▸ **PROBLEM REQUIREMENTS**: When copying the data below, keep only the lines from the one with "The Forest Feast" through the one with "Women's Long Sleeve", word for word, and skip the pictures.

▸ **DATASET CONTENT**:
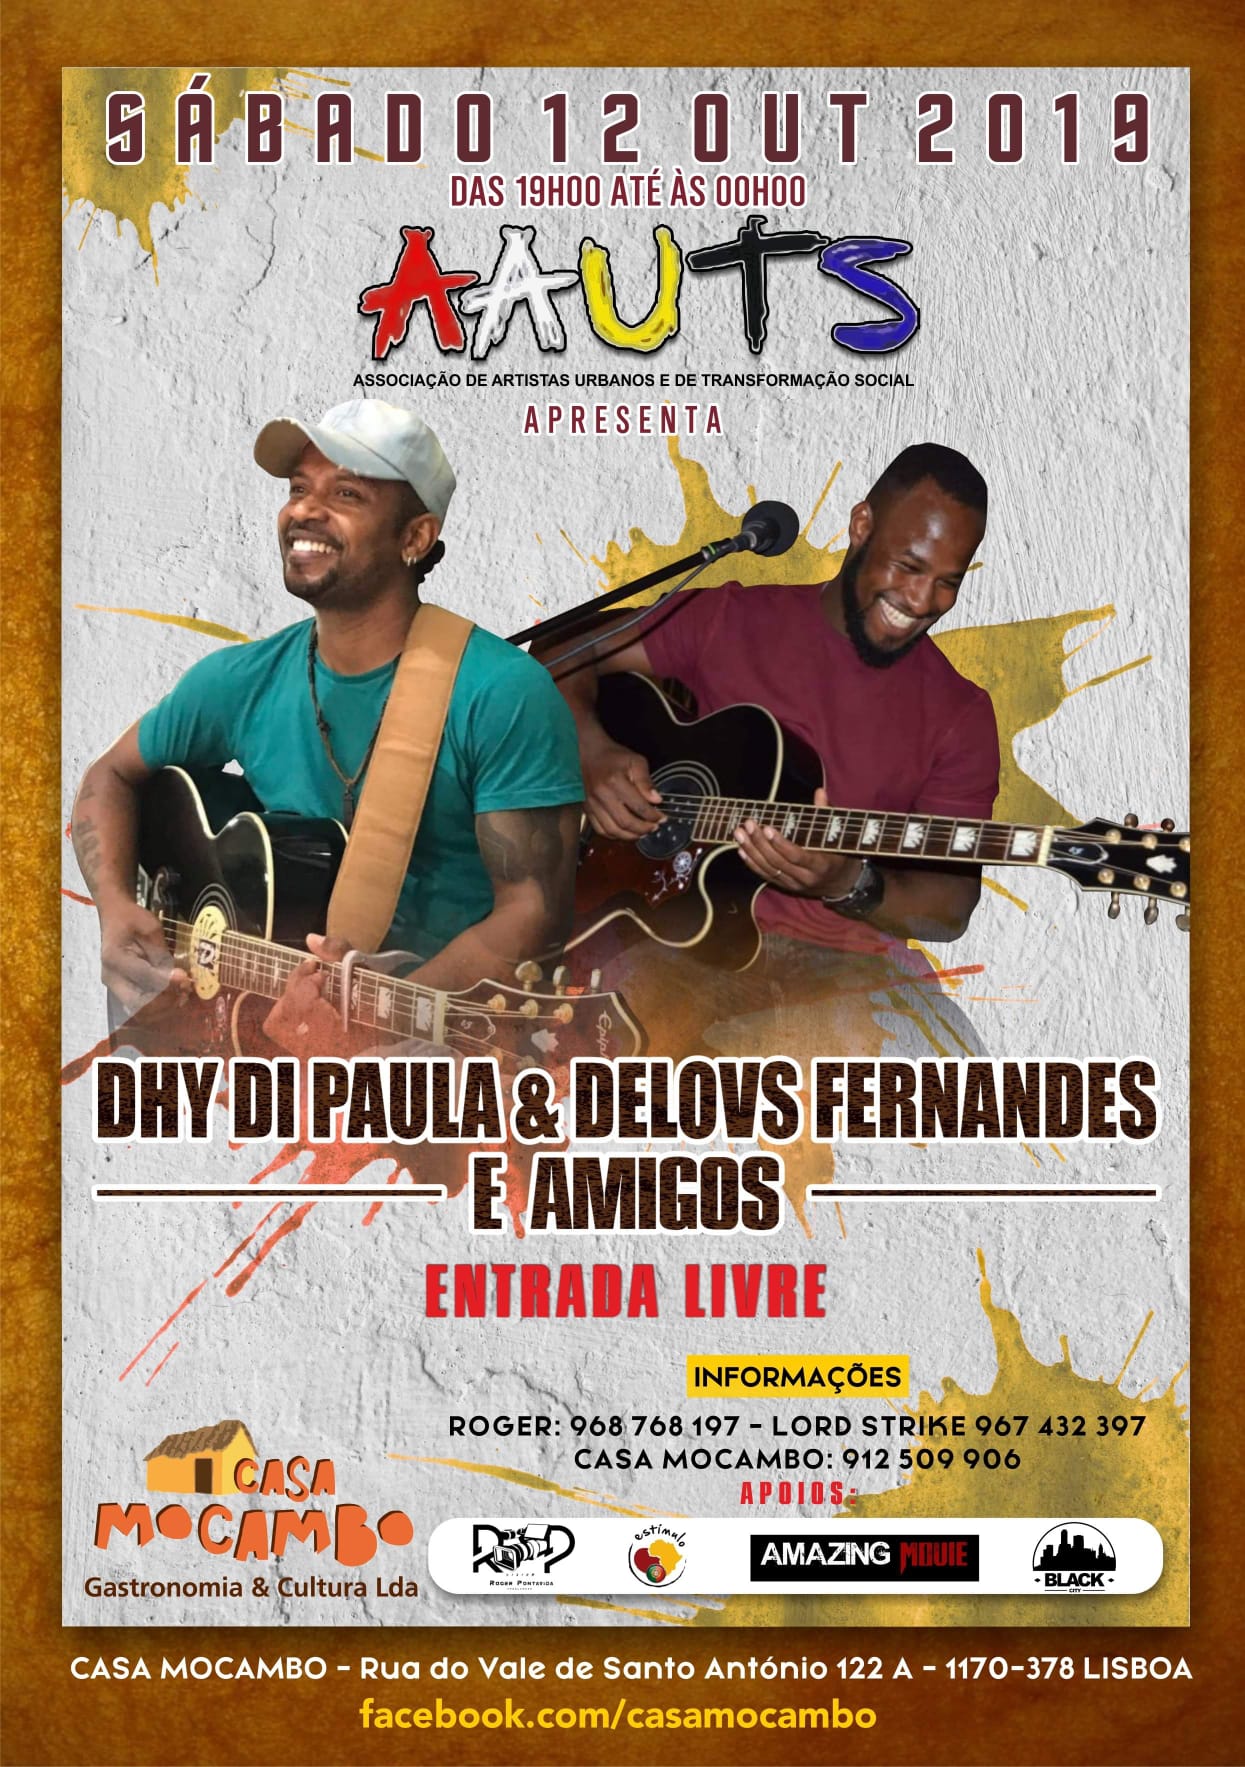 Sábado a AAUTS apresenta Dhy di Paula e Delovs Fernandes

---

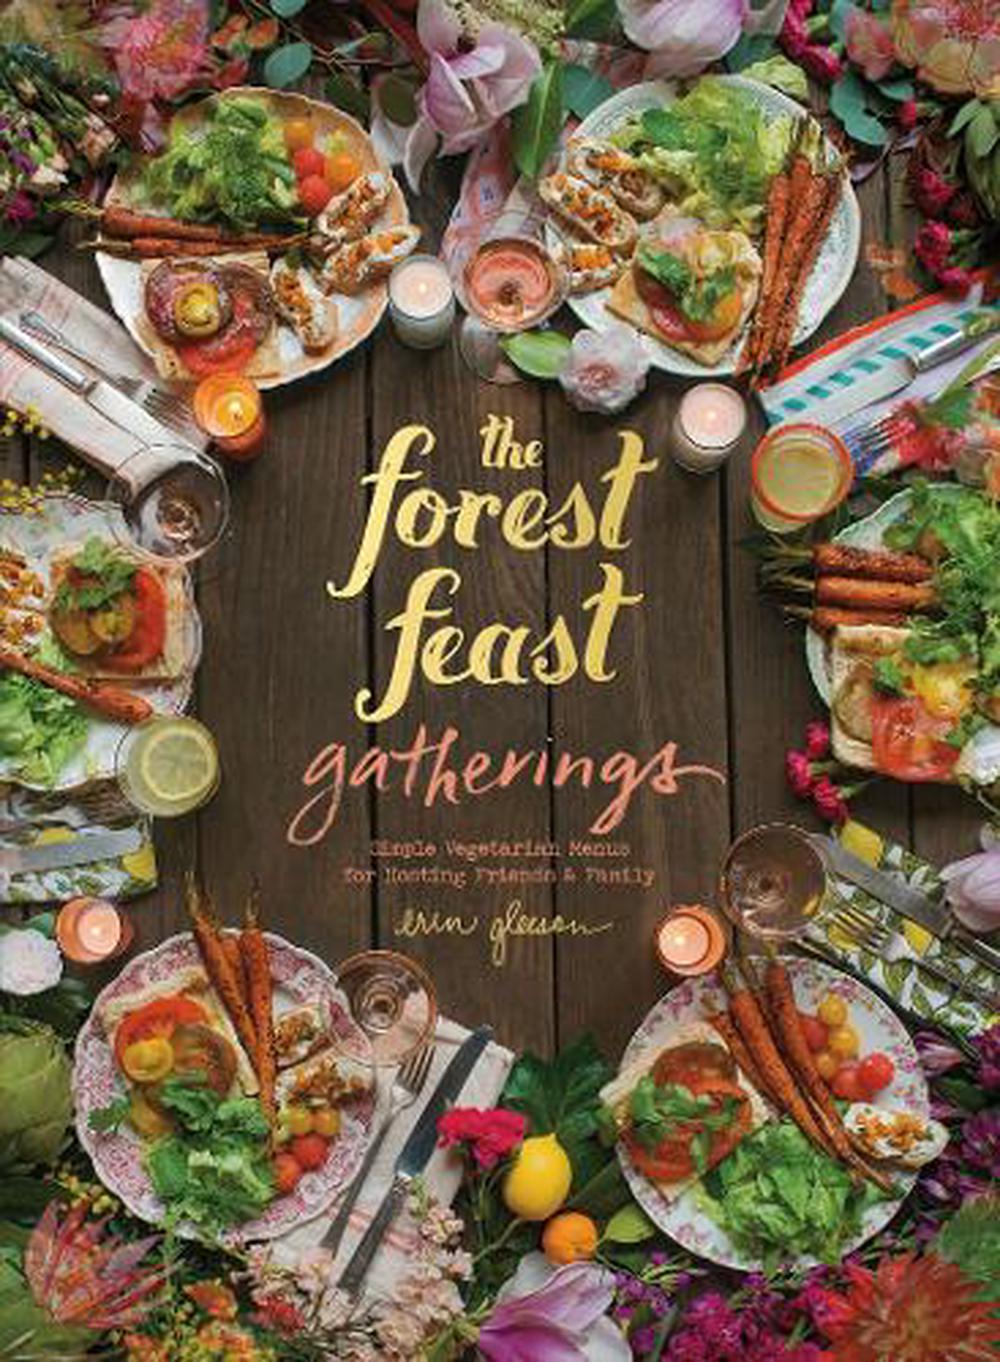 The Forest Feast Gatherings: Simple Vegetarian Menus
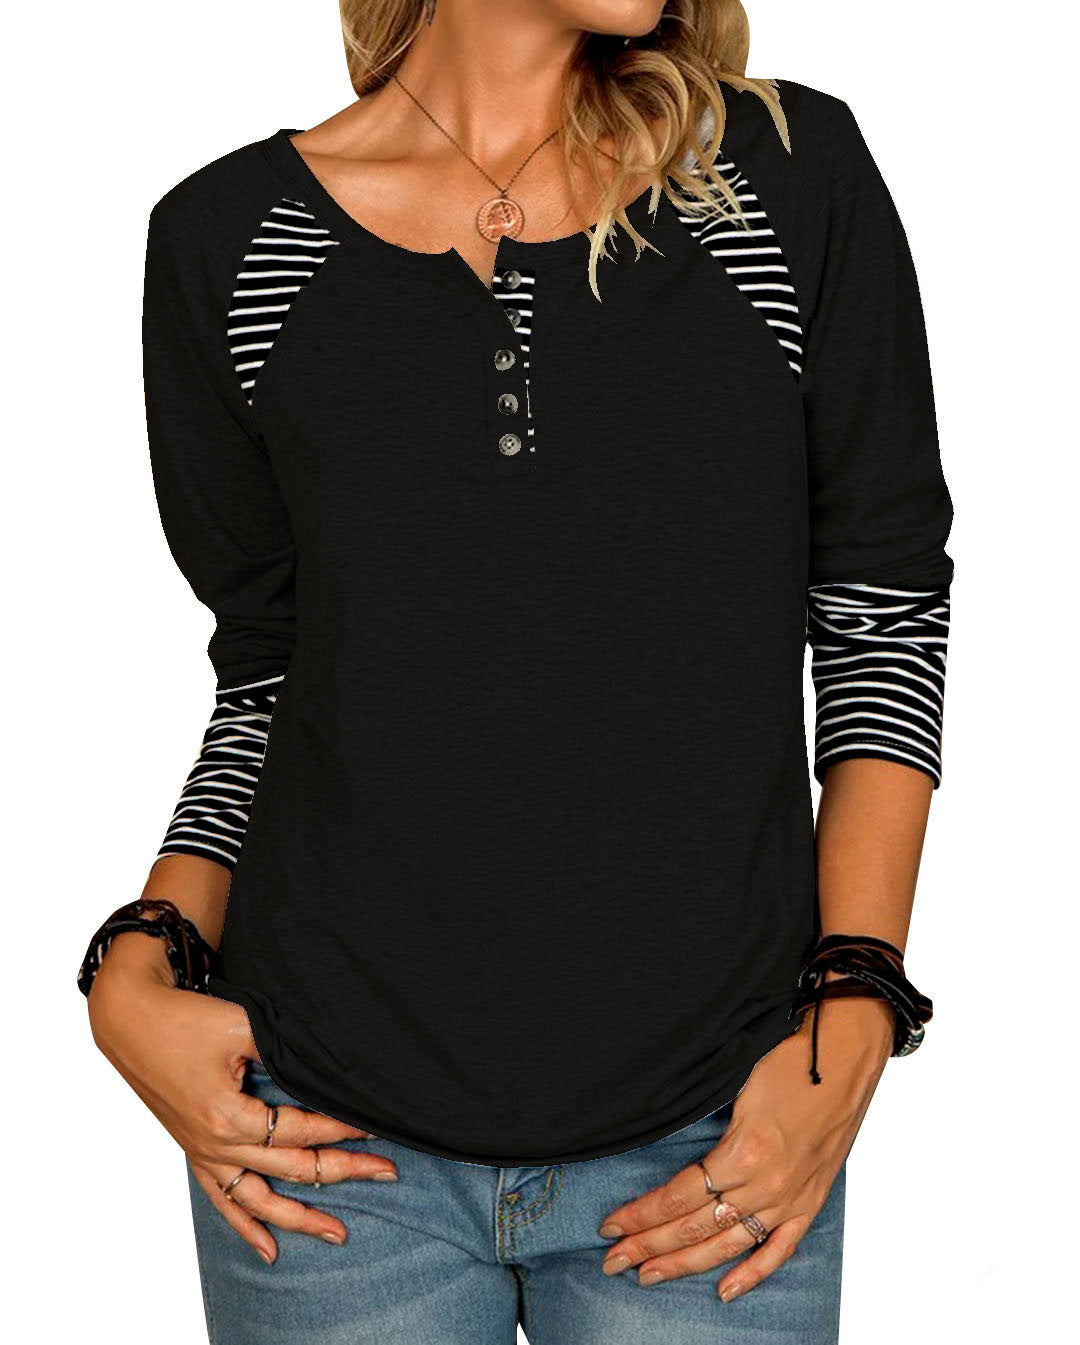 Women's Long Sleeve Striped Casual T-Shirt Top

...

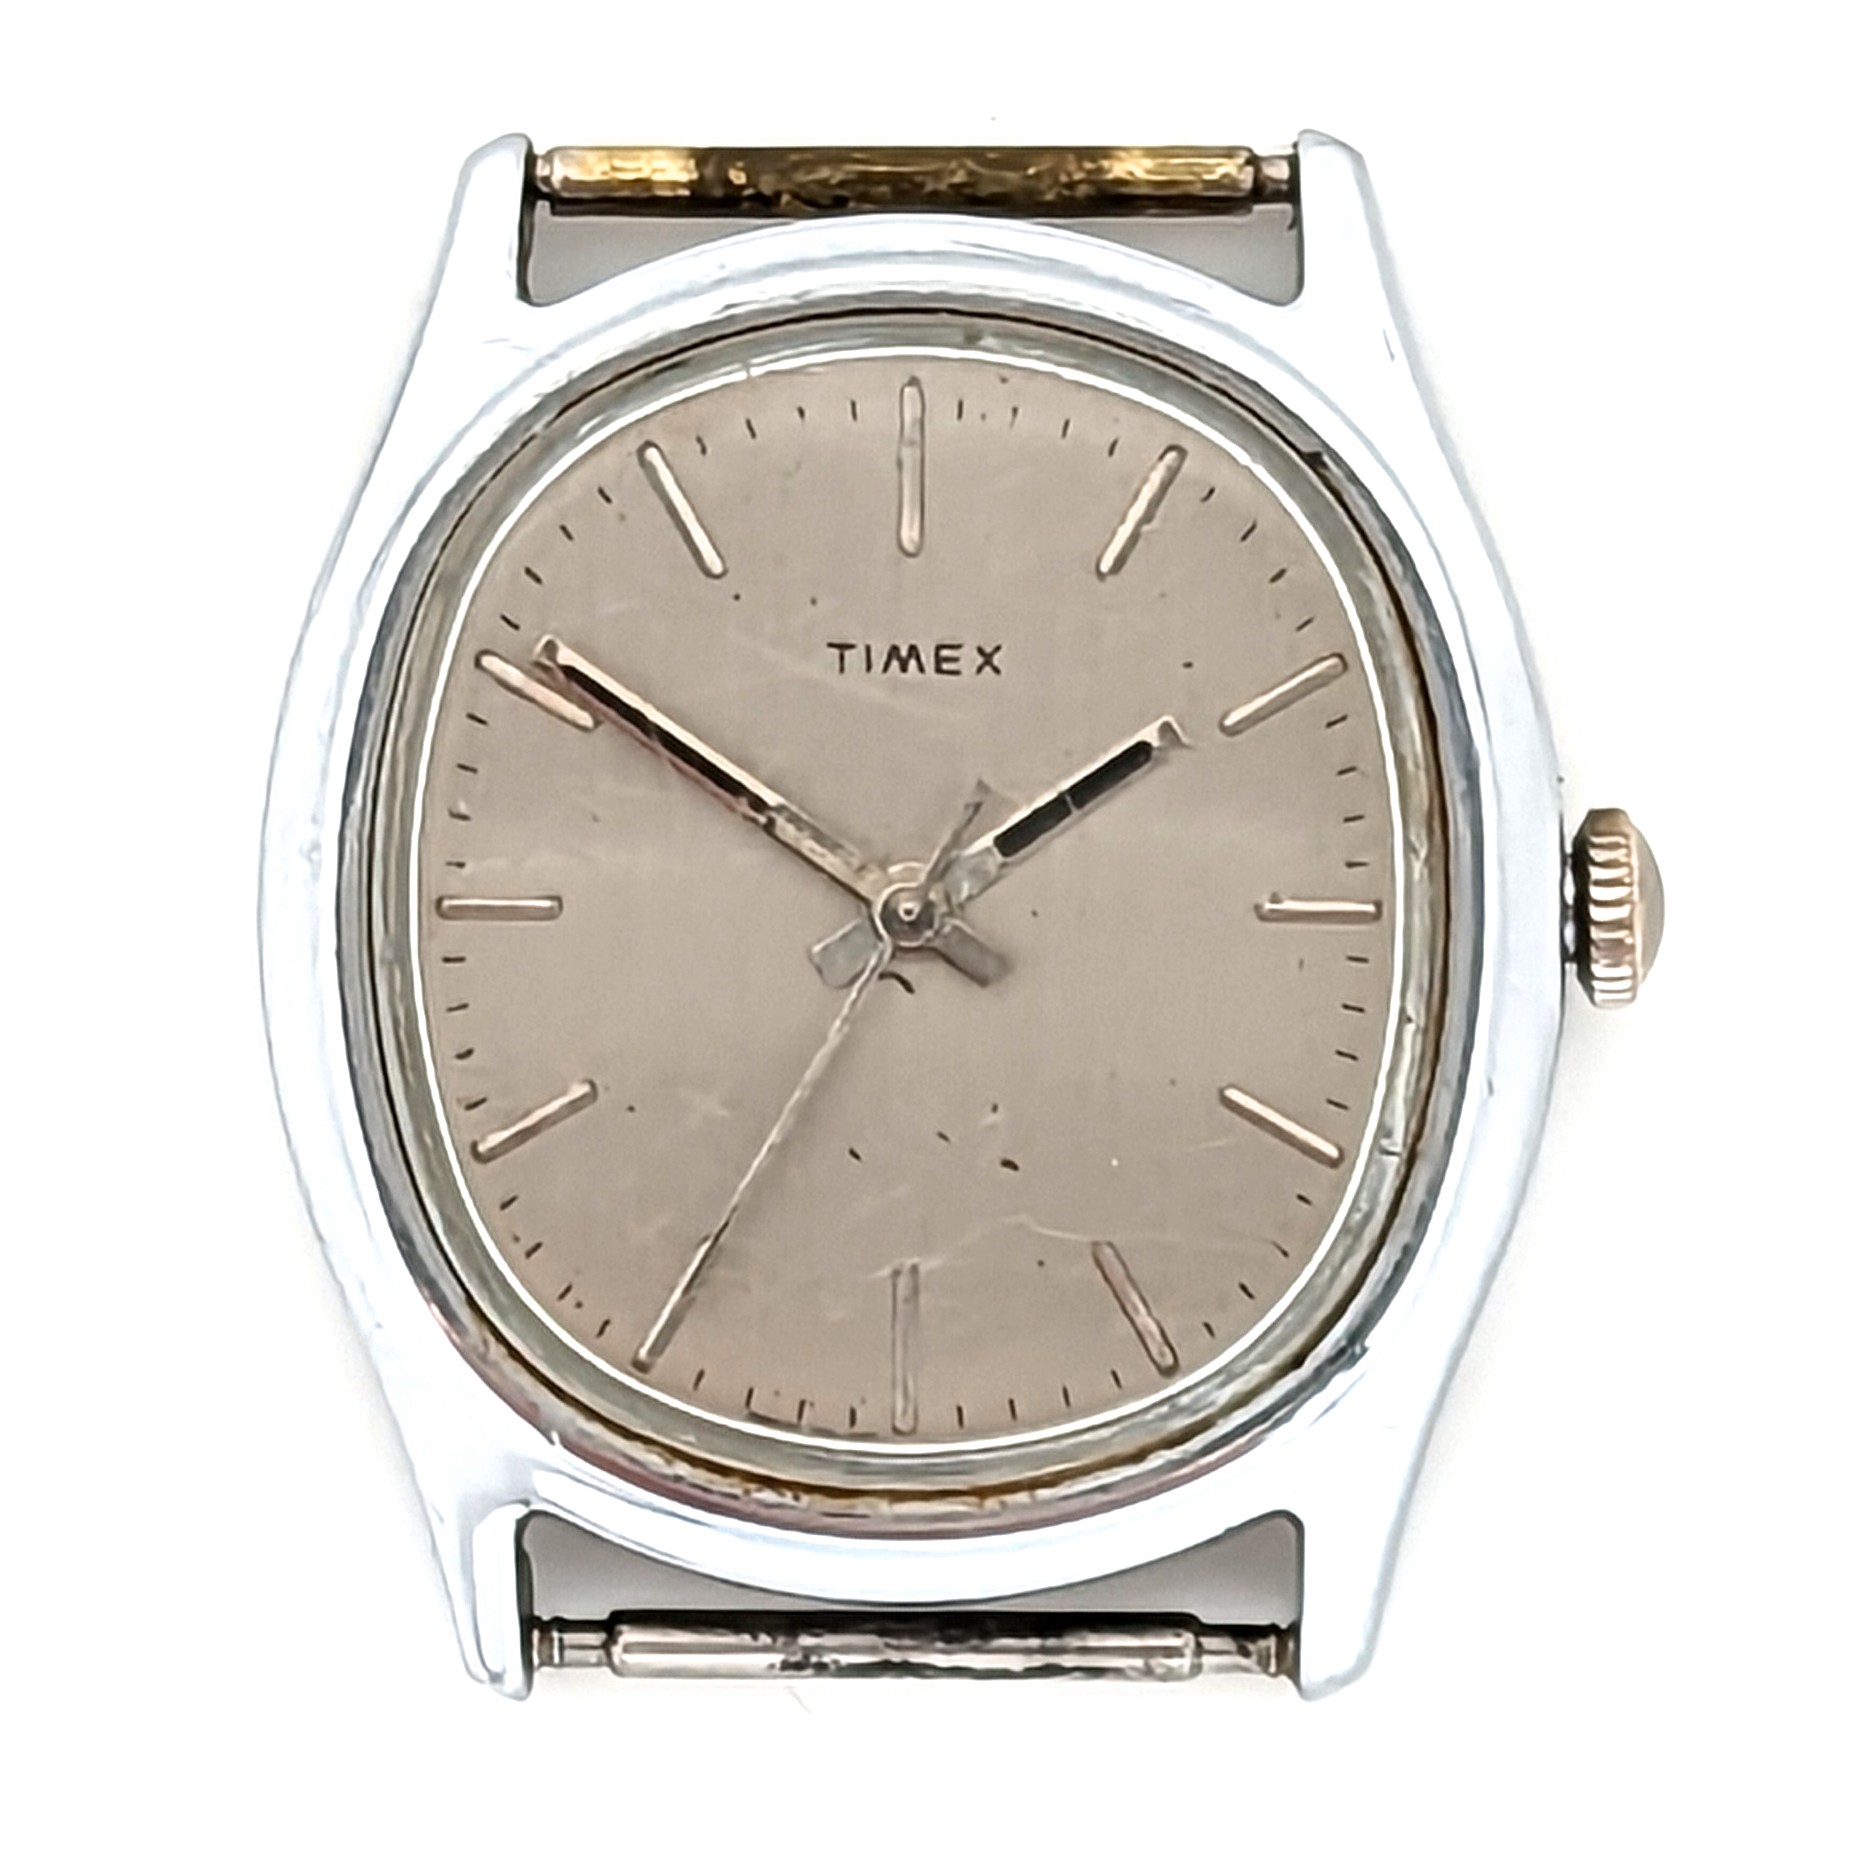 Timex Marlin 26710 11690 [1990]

▸ **RESPONSE FOR THIS EXERCISE**:
 The Forest Feast Gatherings: Simple Vegetarian Menus
 Women's Long Sleeve Striped Casual T-Shirt Top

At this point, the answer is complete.